Personal information
- Born: September 22, 1984 (age 40) Ithaca, Michigan, U.S.
- Height: 6 ft 4 in (1.93 m)
- Weight: 310 lb (141 kg)

Career information
- College: Nebraska

Career history
- New York Giants (2007)*; New England Patriots (2007)*; Green Bay Packers (2007–2008)*; Detroit Lions (2008)*; San Francisco 49ers (2008)*; Philadelphia Eagles (2008); Kansas City Chiefs (2009)*; San Francisco 49ers (2009–2010); Virginia Destroyers (2011)*; Edmonton Eskimos (2011); Toronto Argonauts (2012)*; Saskatchewan Roughriders (2012);
- * Offseason and/or practice squad member only

Career NFL statistics
- Games played: 3
- Stats at Pro Football Reference

= Chris Patrick (gridiron football) =

American gridiron football player (born 1984)

Chris Patrick (born September 22, 1984) is an American former professional football player who was an offensive tackle in the National Football League (NFL). He played college football for the Nebraska Cornhuskers before being signed by the New York Giants as an undrafted free agent in 2007.

Patrick was also a member of the New England Patriots, Green Bay Packers, Detroit Lions, Philadelphia Eagles, Kansas City Chiefs, San Francisco 49ers, Edmonton Eskimos, Toronto Argonauts, Virginia Destroyers, and Saskatchewan Roughriders.

==Professional career==
Patrick was originally entered in the NFL supplemental draft after forgoing his senior year at the University of Nebraska–Lincoln and missing the deadline for the traditional NFL draft.

He was added to the Eagles' 53-man roster for the final seven (4 regular season and 3 playoff) games of the 2008 NFL season, but saw no game action. After starting the 2009 NFL season with the Chiefs as a member of that team's practice squad, Patrick signed with the 49ers in late October to add depth to the offensive line. He made his first NFL regular-season appearance on November 22 against the Green Bay Packers at Lambeau Field. Patrick appeared in two more games in the 2009 season, December 14 against the Arizona Cardinals - his Candlestick Park debut - and January 3 at the St.
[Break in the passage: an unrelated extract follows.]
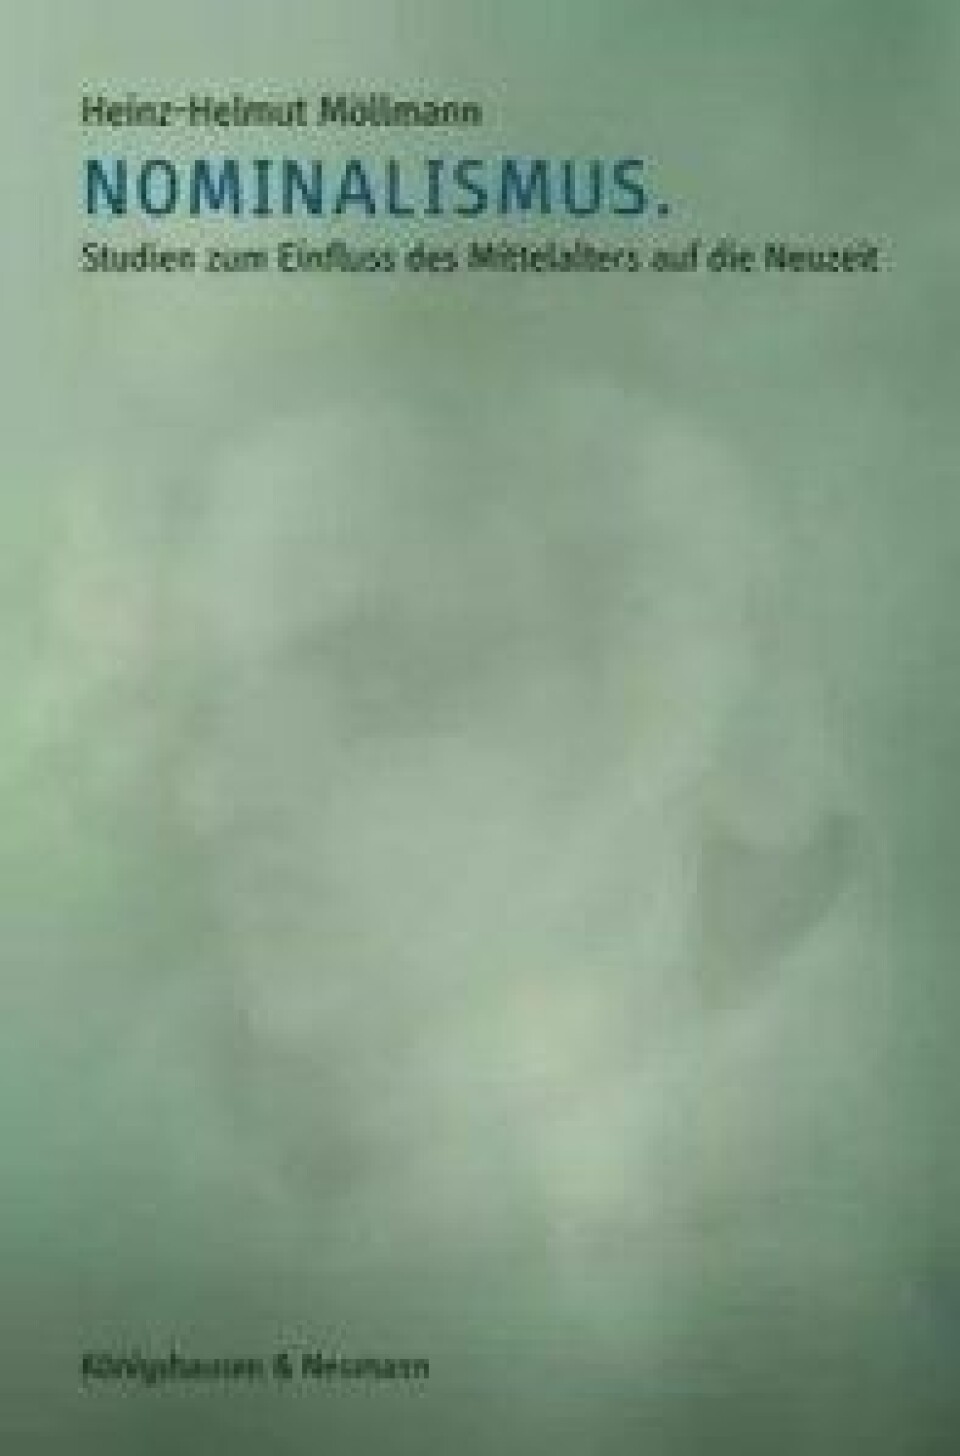 Nominalismus – Studien zum Einfluss des Mittelalters auf die Neuzeit av Heinz-Helmut Möllmann. Königshausen & Neumann, 2015.

Louis Rams. All three appearances came on special teams.

Patrick was waived by the 49ers on August 18, 2010.

Patrick signed with the Edmonton Eskimos as a free agent on August 16, 2011, dressed for 11 games (starting 10 games) in the 2011 season, and was released by the Edmonton Eskimos on January 18, 2012.

On May 16, 2012, Patrick signed as a free agent with the Toronto Argonauts. On June 10, 2012, the Toronto Argonauts traded Patrick to the Saskatchewan Roughriders for a 2014 conditional draft pick.

Patrick was released by the Saskatchewan Roughriders on August 16, 2012.